**Exercise objective**
Each line below must be reproduced exactly, though the pictures are to be dropped.

**Stored data**

++++++++

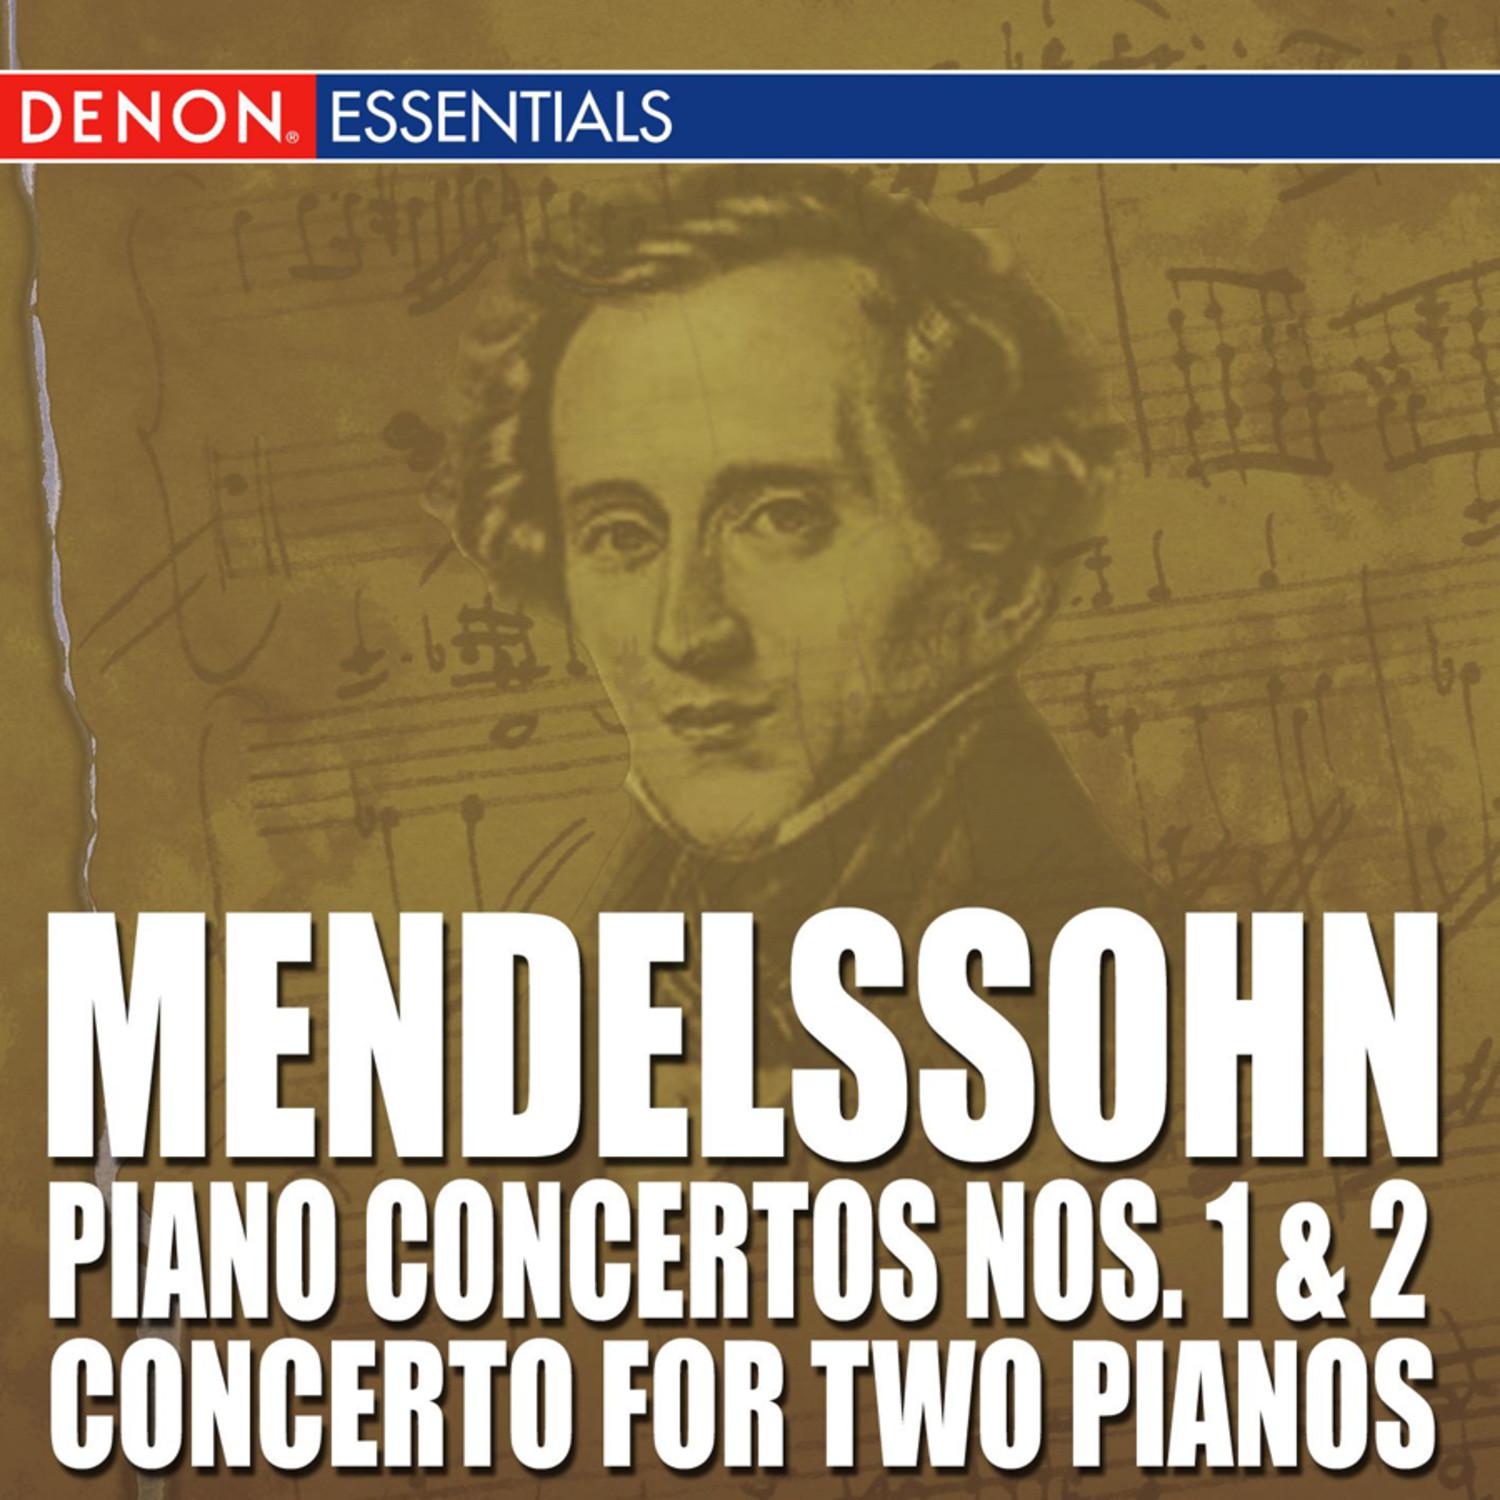 Mendelssohn: Piano Concertos Nos. 1 & 2 - Concerto for Two Pianos
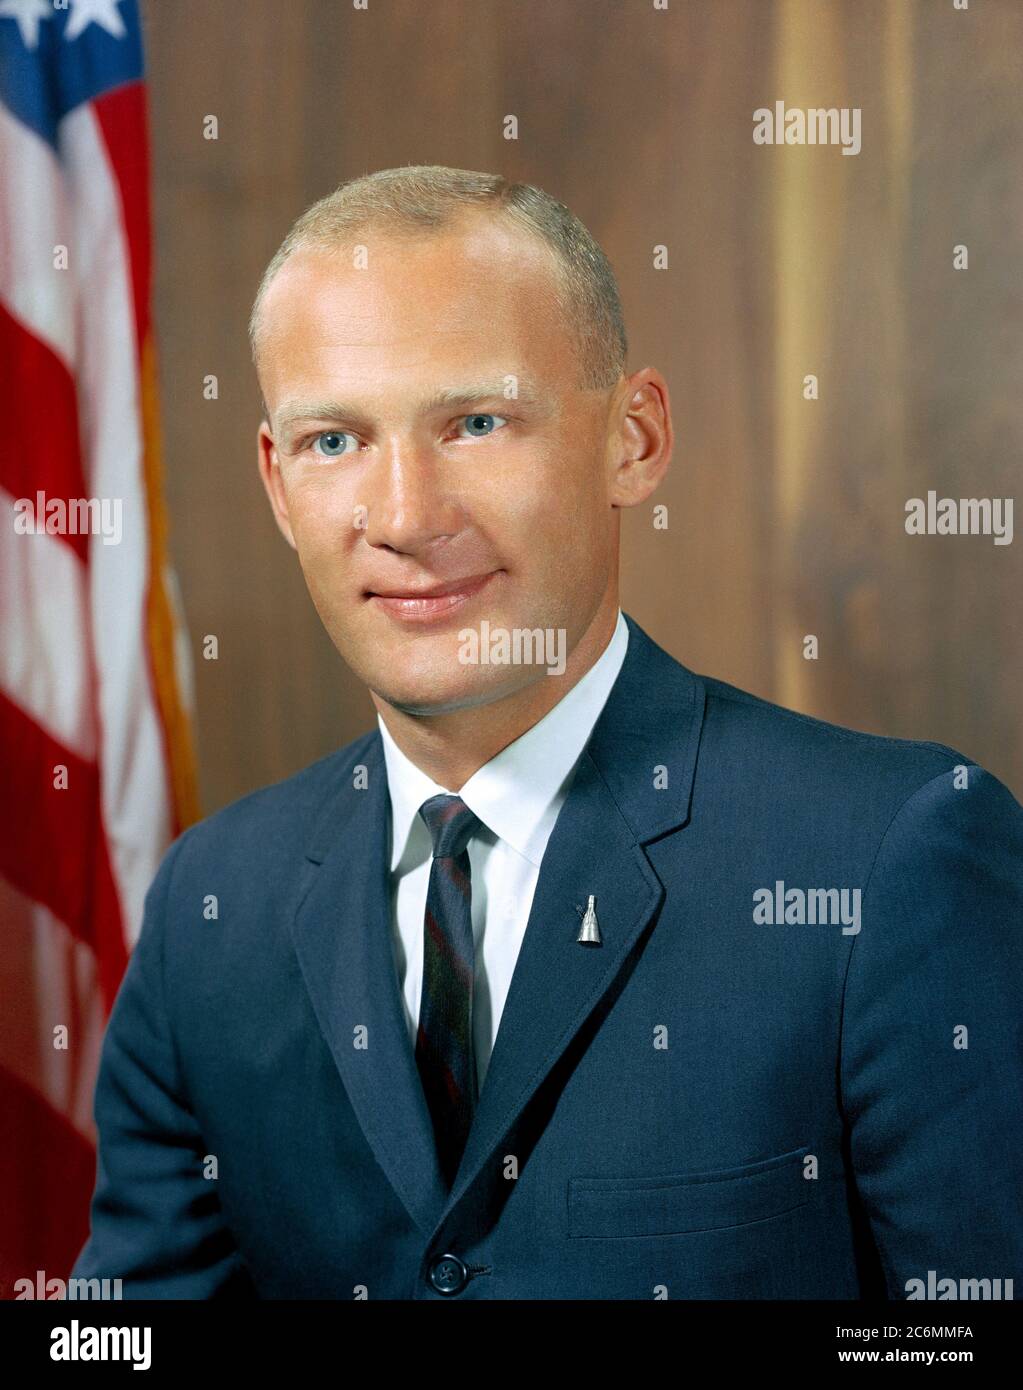 (1963) - - - Astronaut Edwin E." "Buzz" Aldrin, Jr. in ziviler Kleidung. Stockfoto
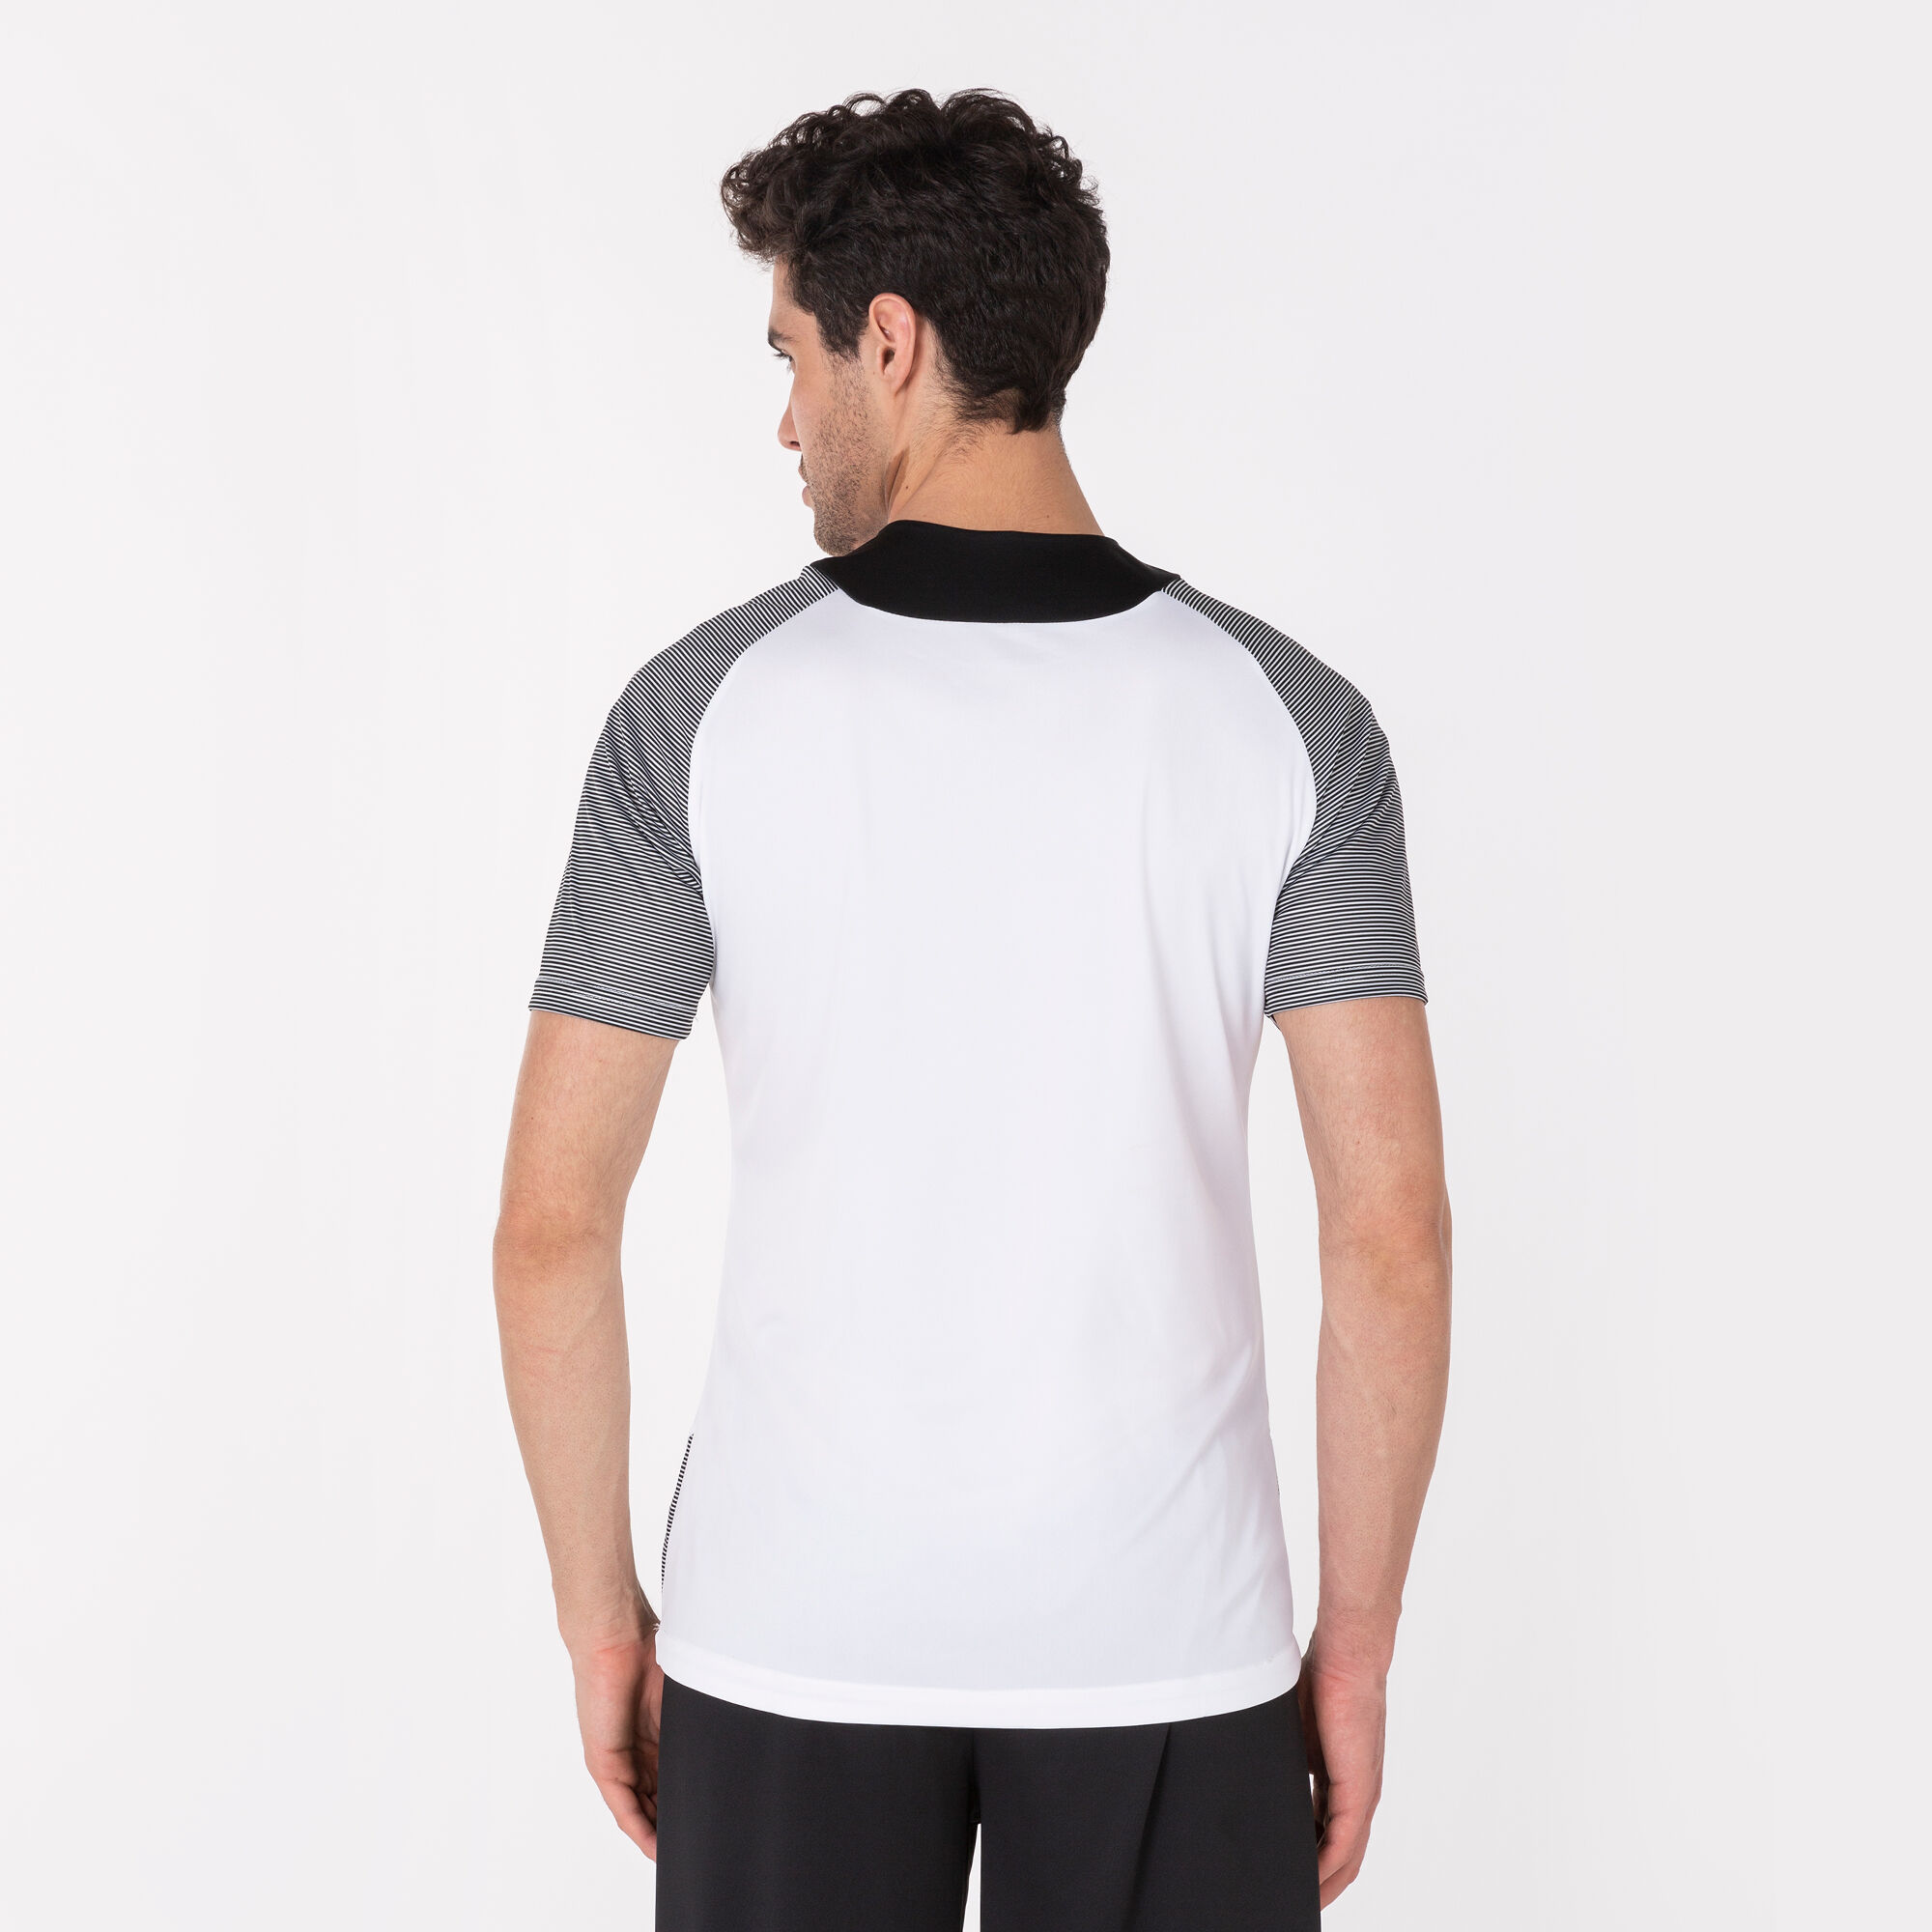 Camiseta manga corta hombre Essential II blanco negro
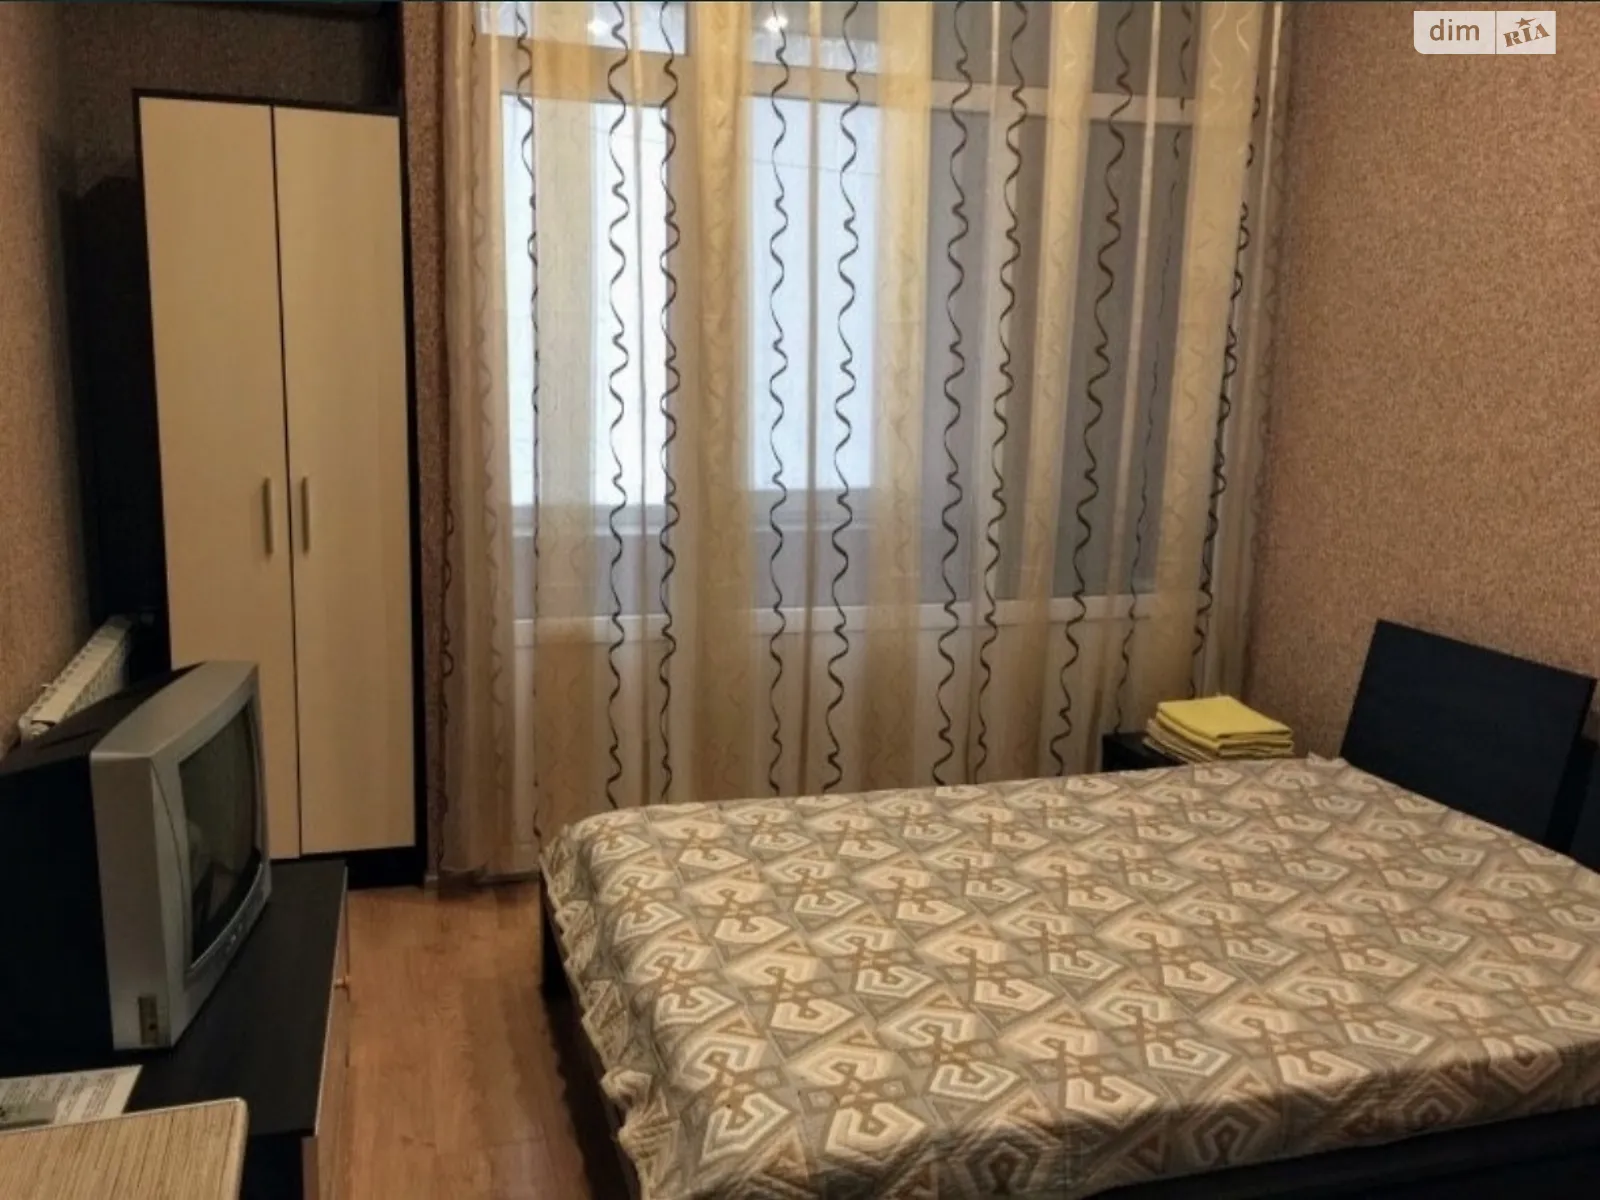 1-кімнатна квартира у Запоріжжі, цена: 490 грн

++++++++

**Task answer**
 Mendelssohn: Piano Concertos Nos. 1 & 2 - Concerto for Two Pianos
 (1963) - - - Astronaut Edwin E." "Buzz" Aldrin, Jr. in ziviler Kleidung. Stockfoto
 Camiseta manga corta hombre Essential II blanco negro
 1-кімнатна квартира у Запоріжжі, цена: 490 грн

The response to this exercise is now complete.